■ PROVIDED ENTRIES
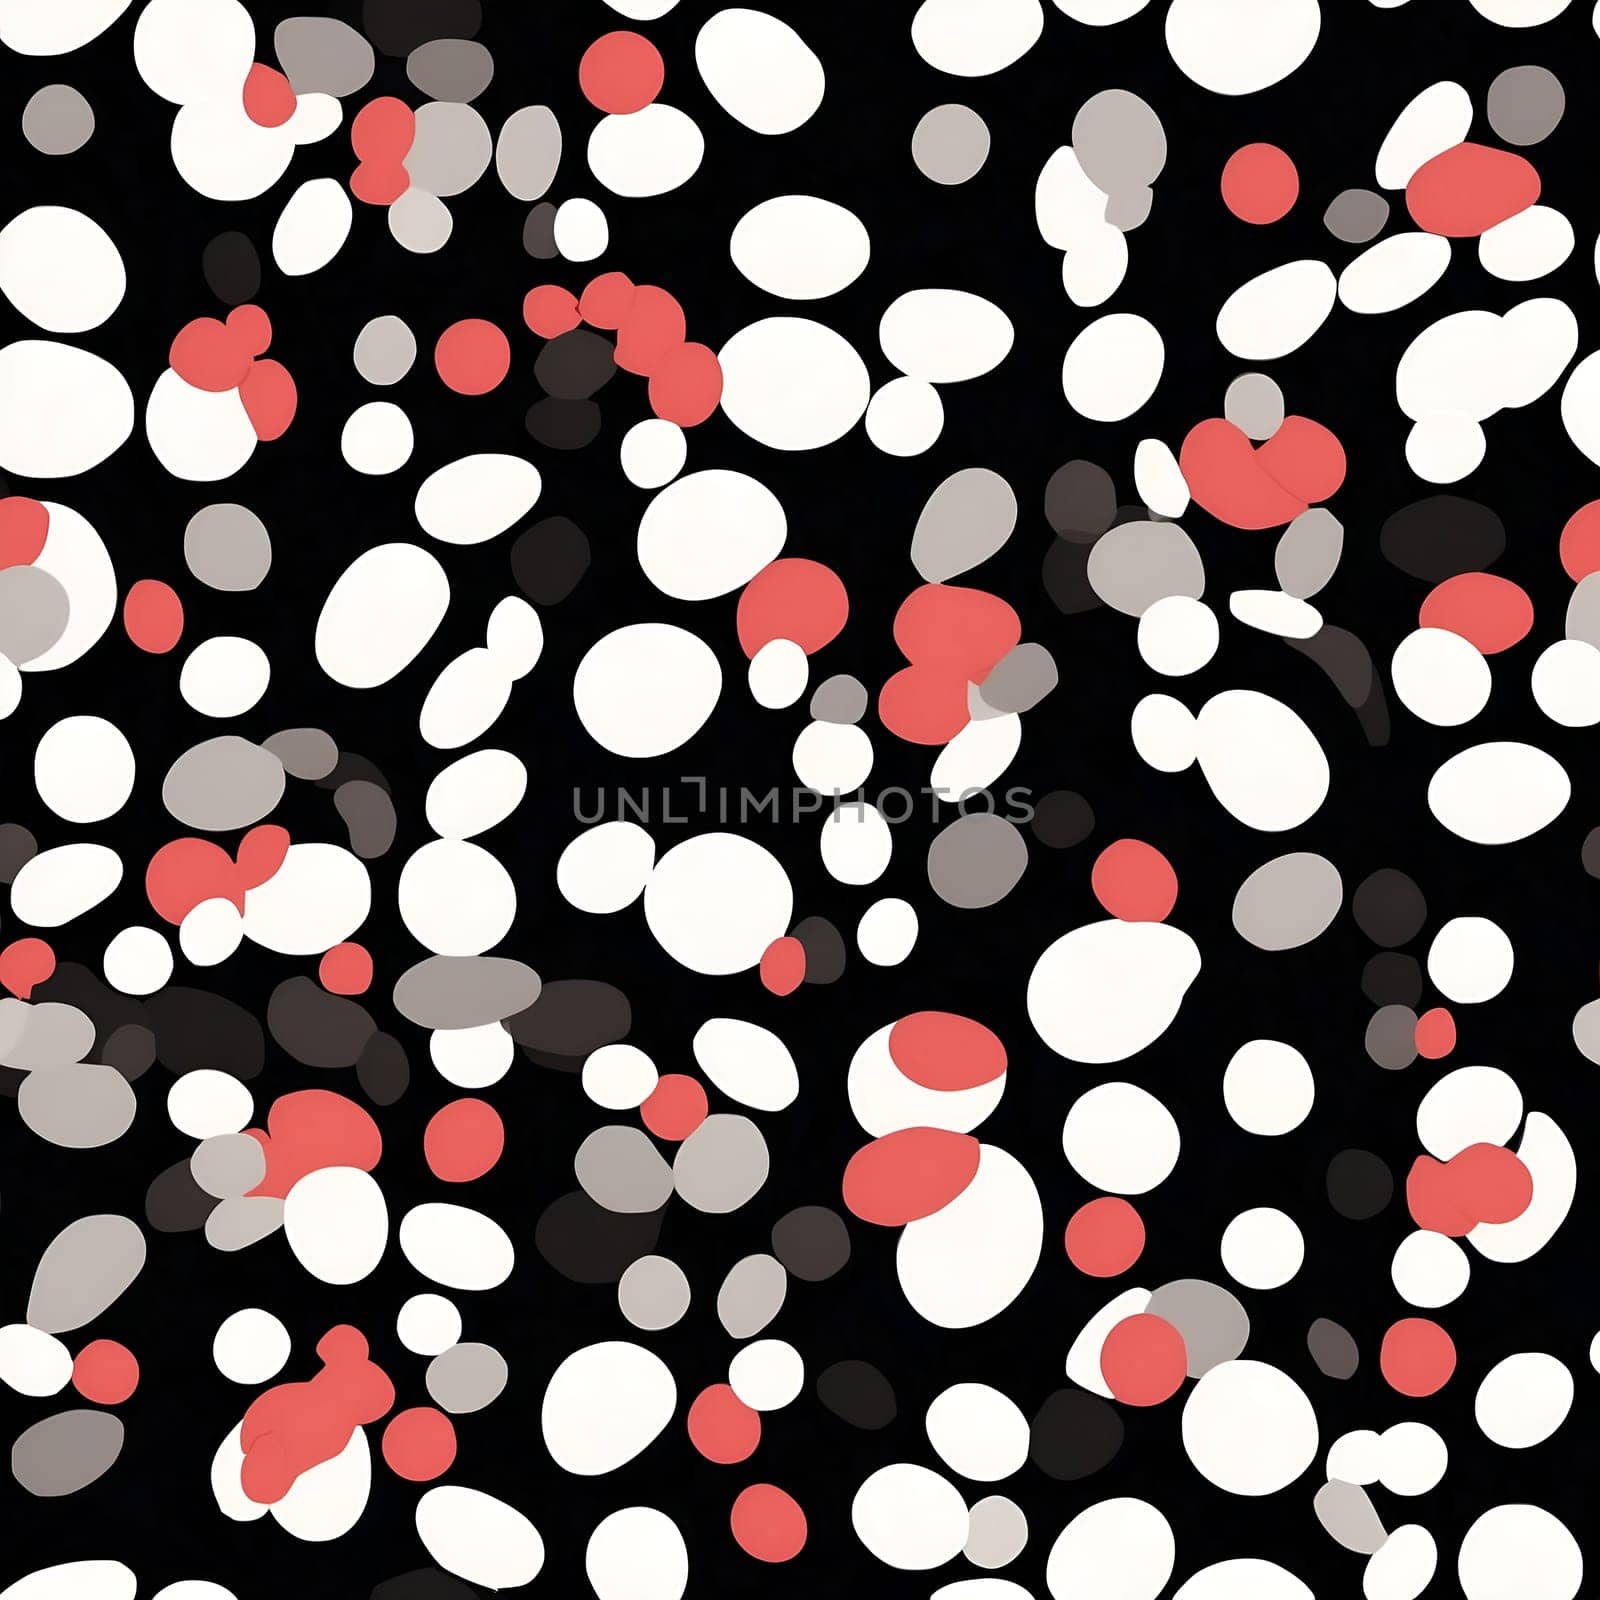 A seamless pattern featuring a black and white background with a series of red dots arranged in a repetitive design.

* * *

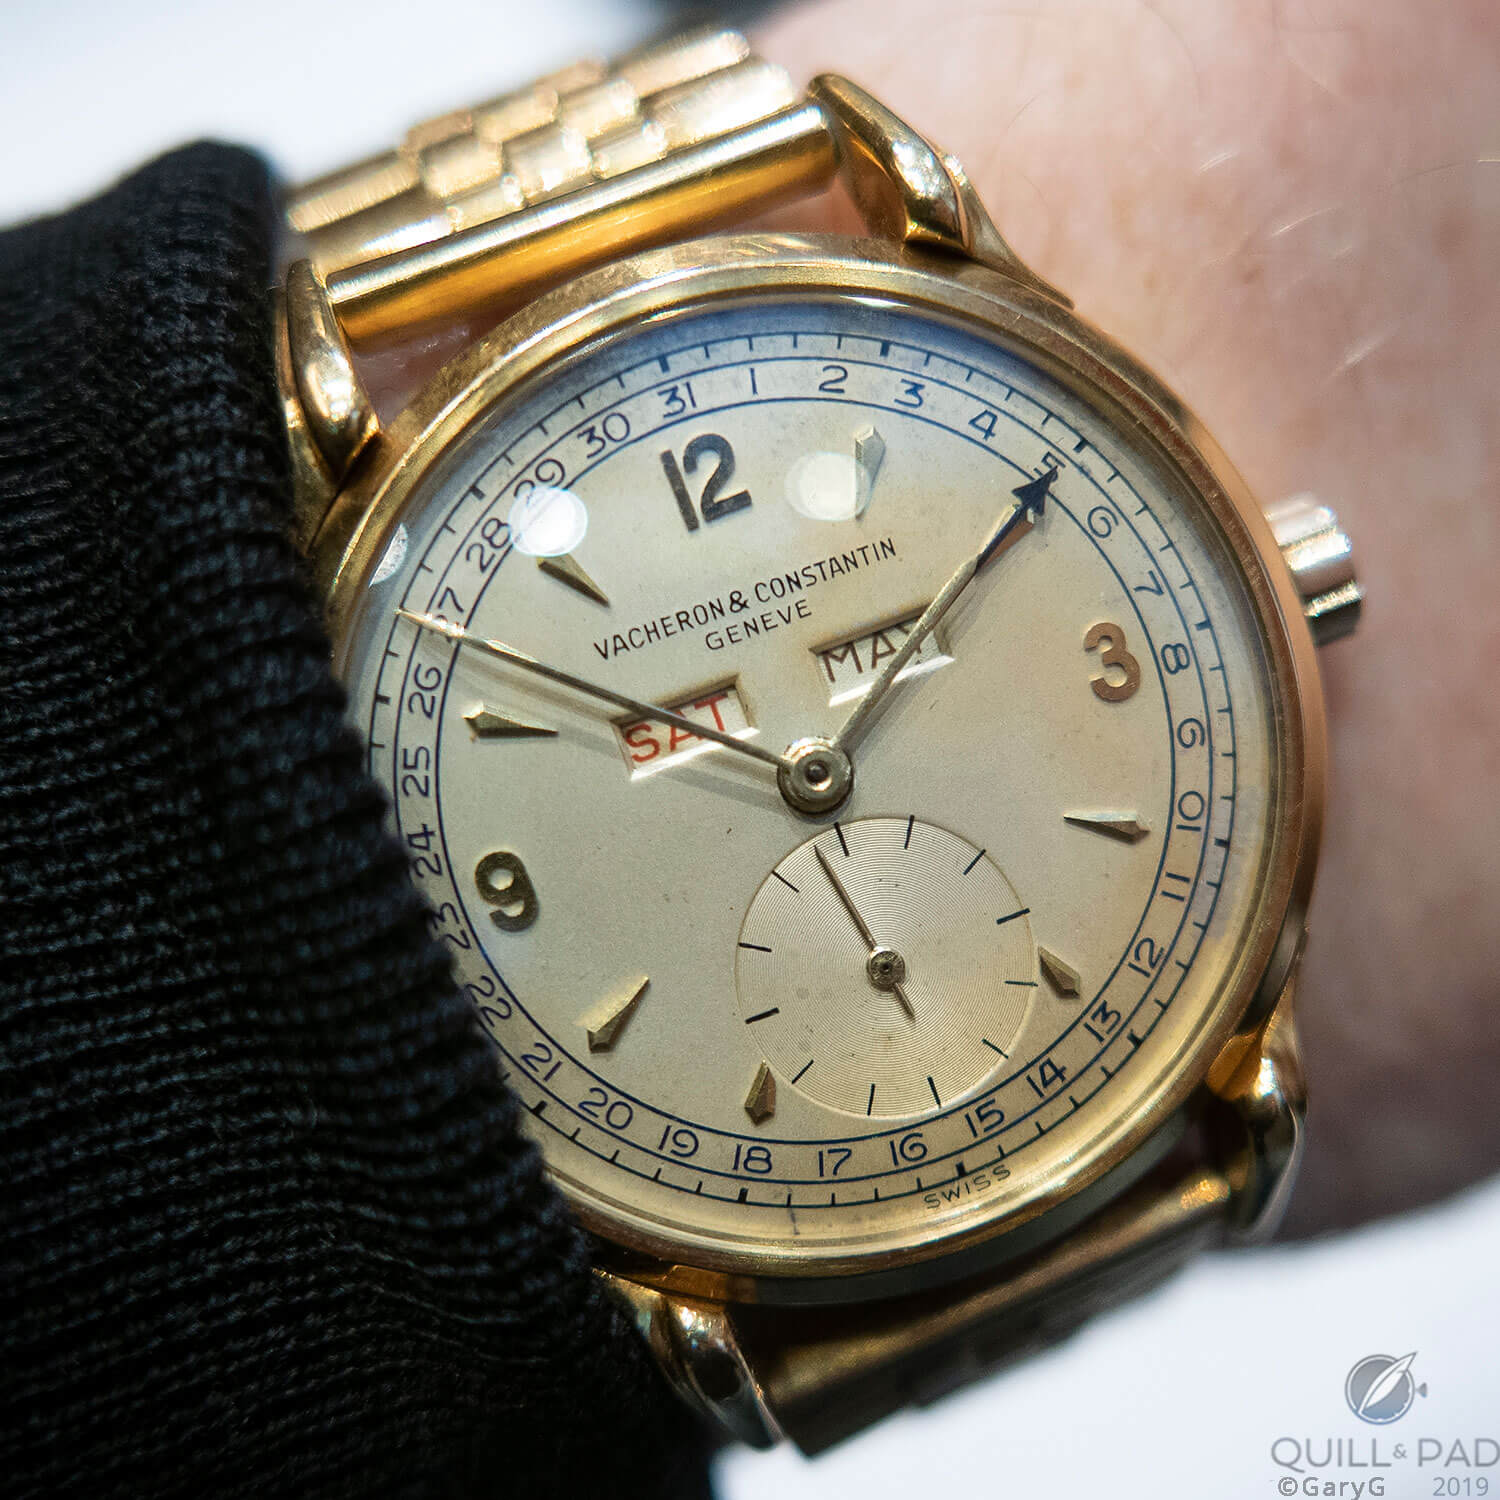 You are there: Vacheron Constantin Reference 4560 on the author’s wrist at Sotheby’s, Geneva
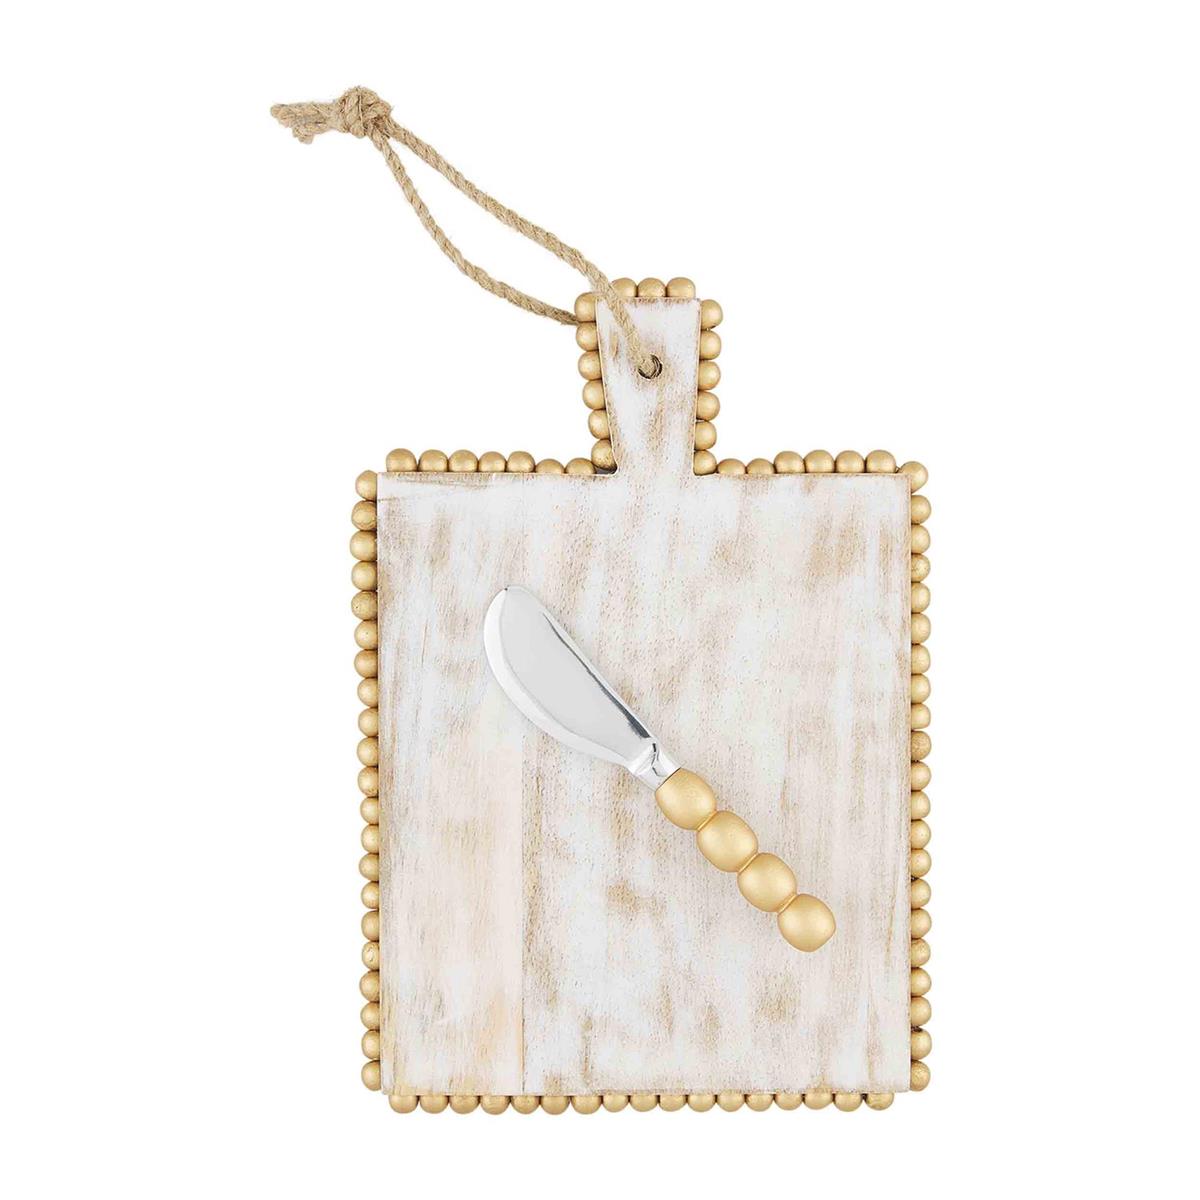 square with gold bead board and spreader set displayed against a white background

■ WHAT THE EXERCISE ASKS
In the material above, which lines fall between the one holding "You are there: Vacheron" and the one holding "square with gold", inclusive? Print exactly those, with the pictures left out.

■ RESULT BELOW
 You are there: Vacheron Constantin Reference 4560 on the author’s wrist at Sotheby’s, Geneva
 square with gold bead board and spreader set displayed against a white background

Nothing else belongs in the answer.